* **What you should do**: Begin at the line that contains "rim-pravo.ru / Форма заявки на консультацию" and reproduce it along with every line after it to the end of the listing; skip any pictures.

* **Information shown**:
______________________________

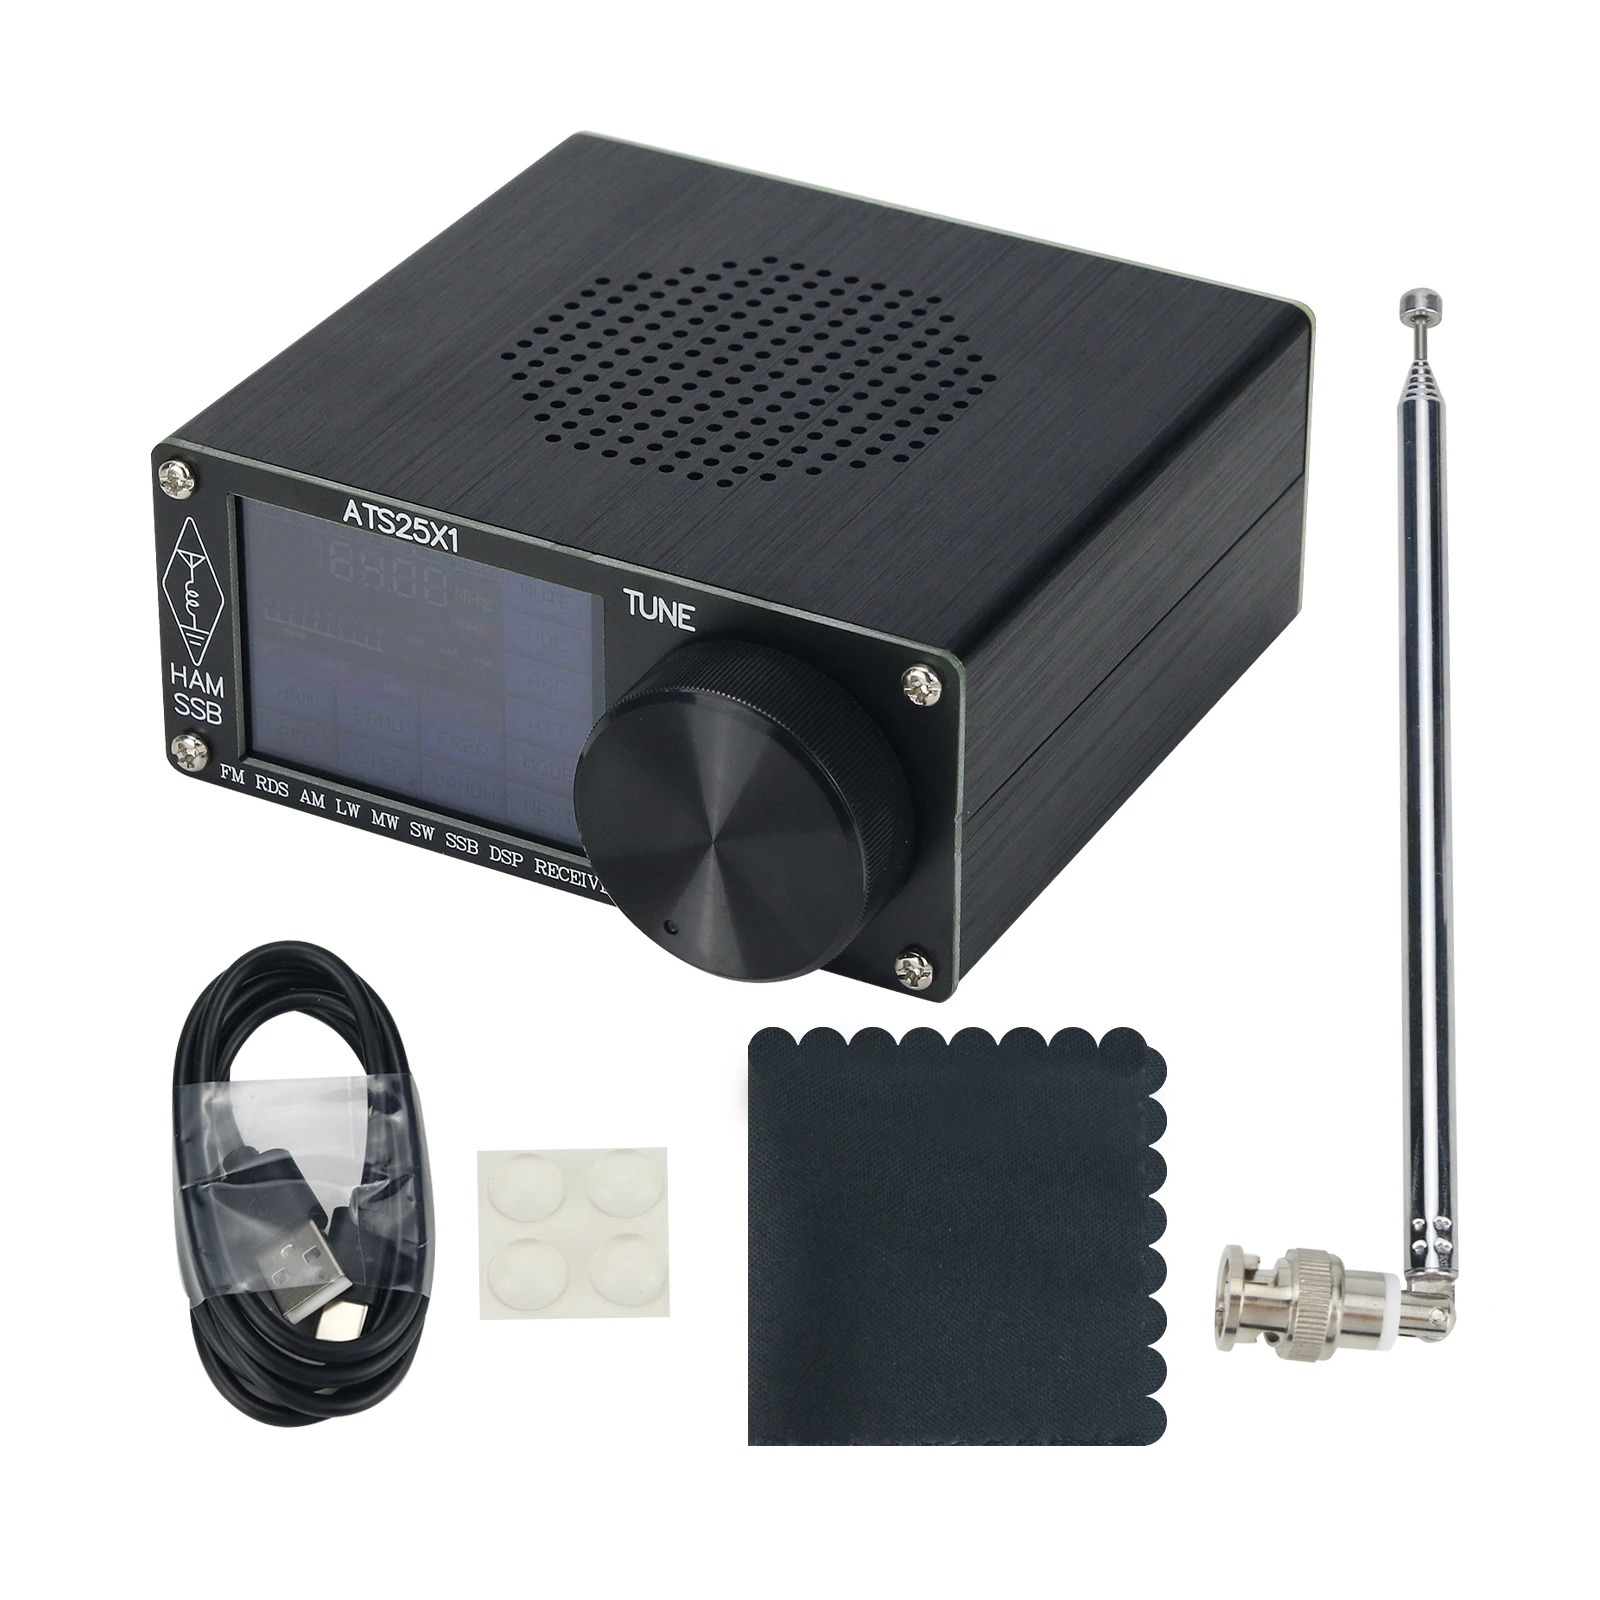 Ats-25 Si4732オールバンドラジオ受信機fm Rds Am Lw Mw Sw Ssb Dsp受信機 (2.4インチタッチスクリーン付き) -  Buy Dsp Receiver,All Band Radio Receiver,Radio Receiver Product on
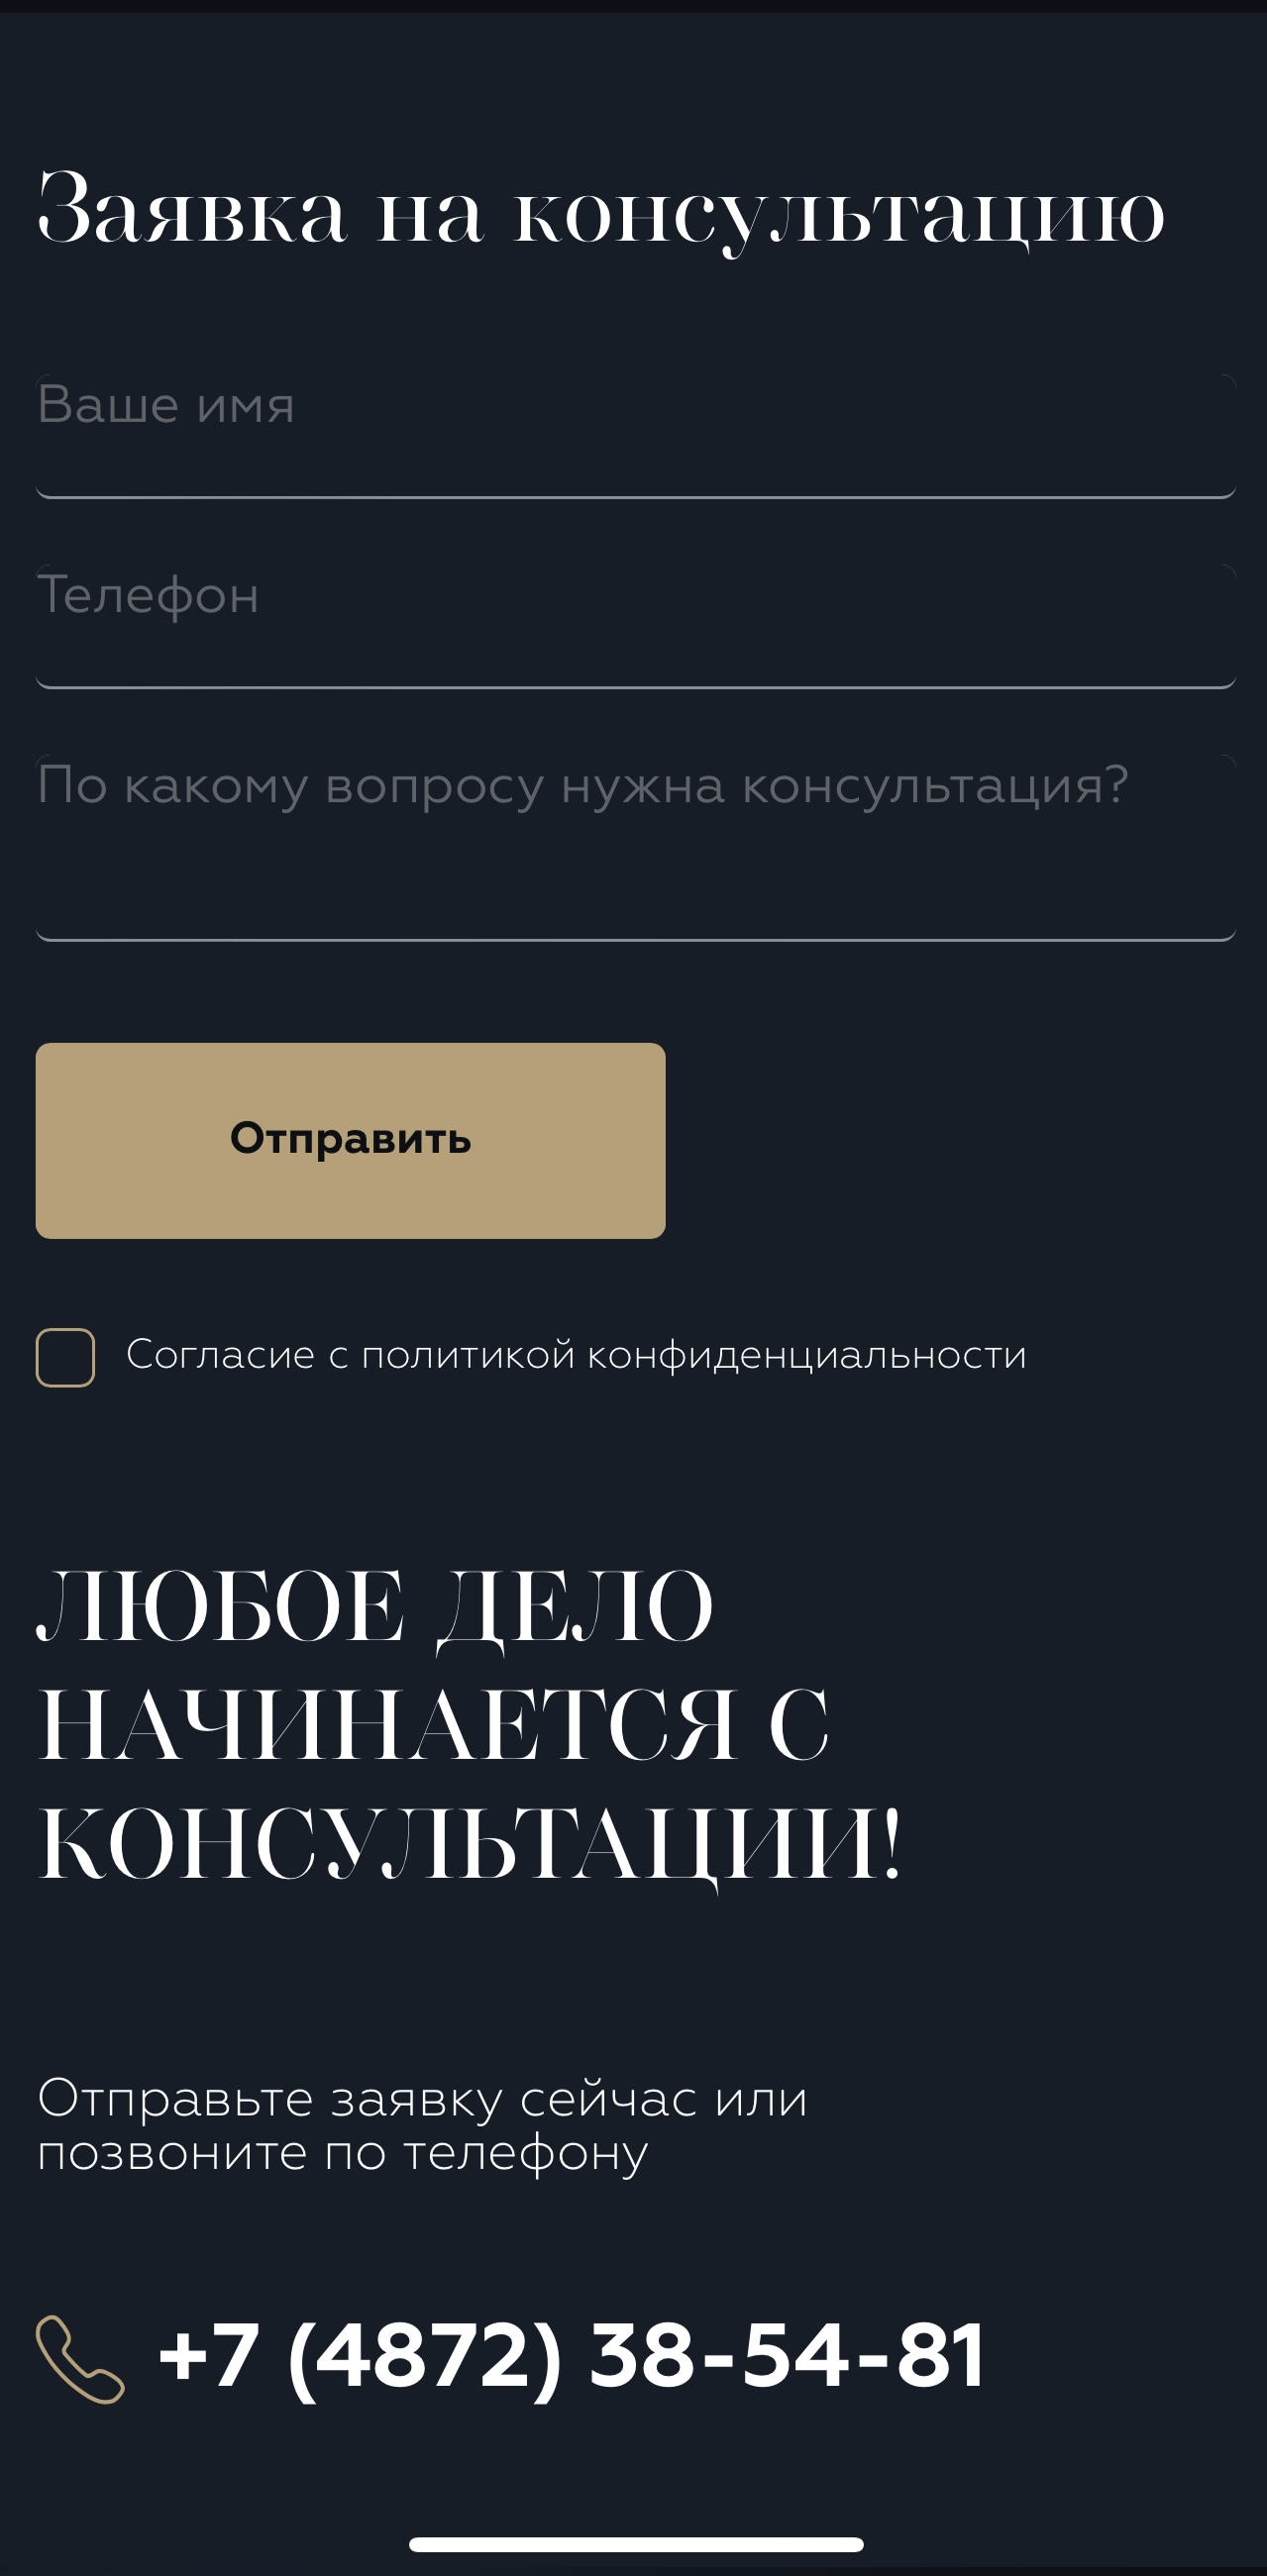 rim-pravo.ru / Форма заявки на консультацию
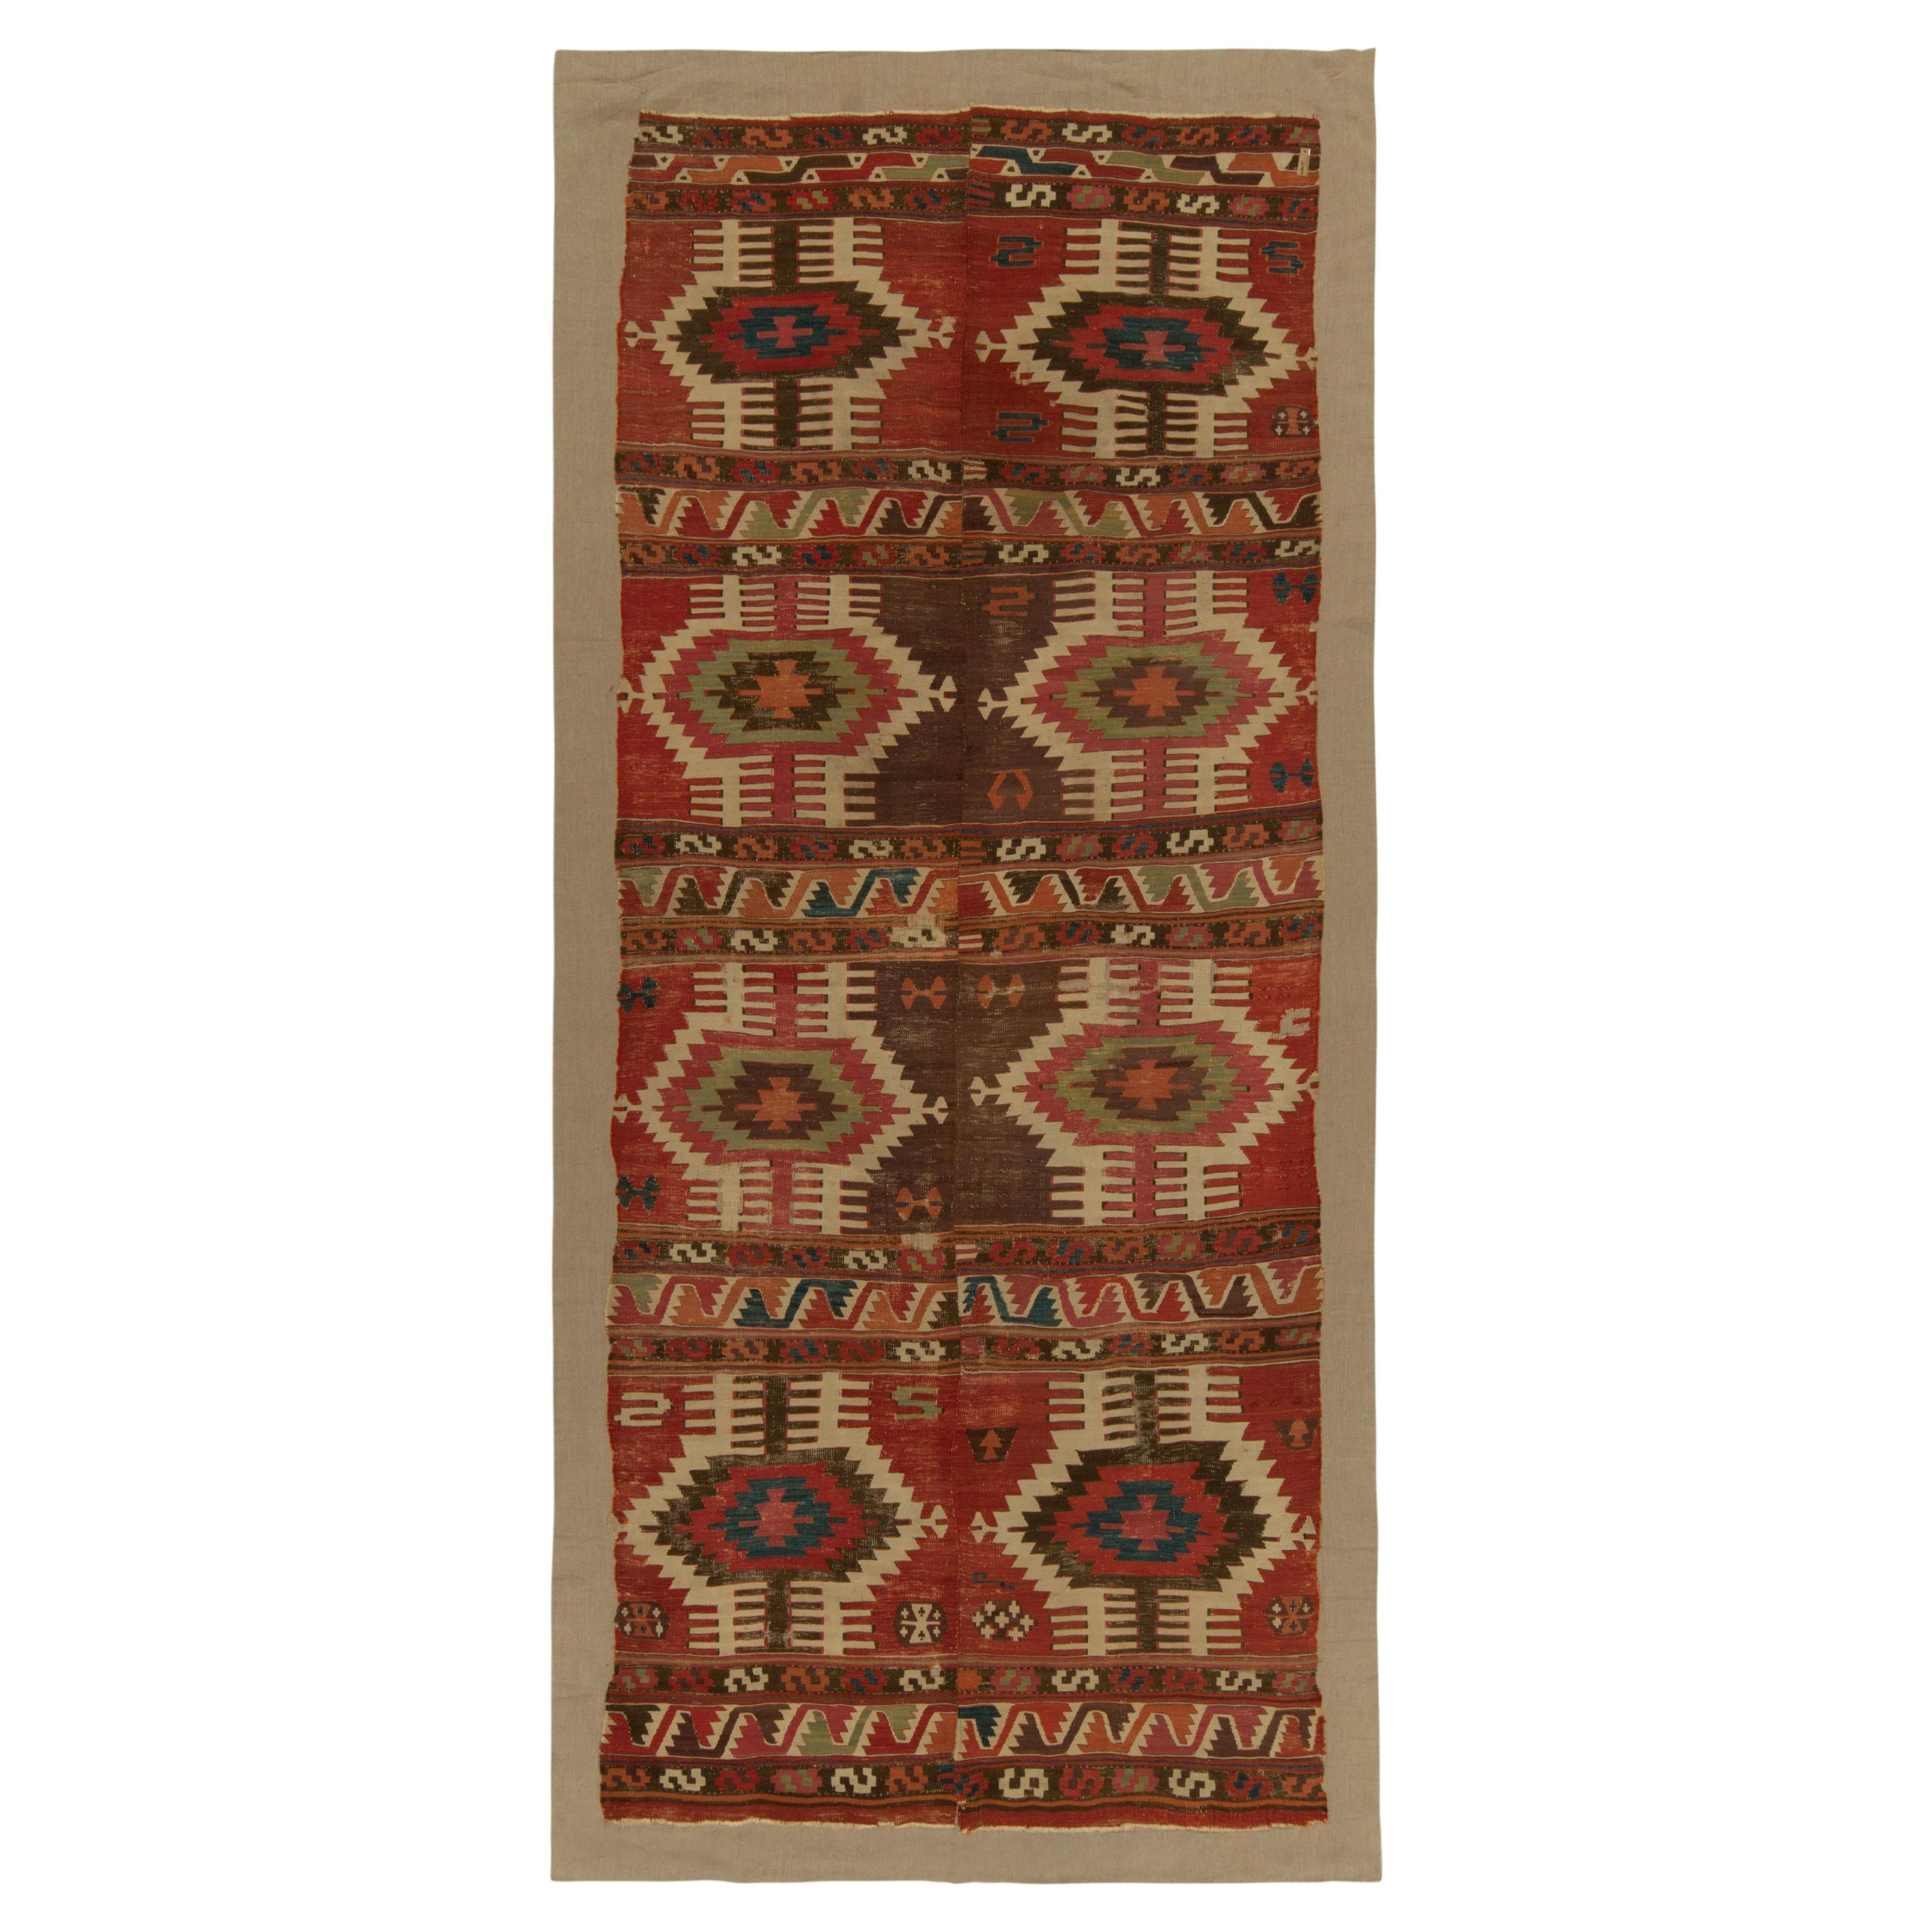 Tapis Kilim tribal ancien à motif géométrique rouge, beige et marron par Rug & Kilim

______________________________

* **Answer for this exercise**:
 rim-pravo.ru / Форма заявки на консультацию
 Tapis Kilim tribal ancien à motif géométrique rouge, beige et marron par Rug & Kilim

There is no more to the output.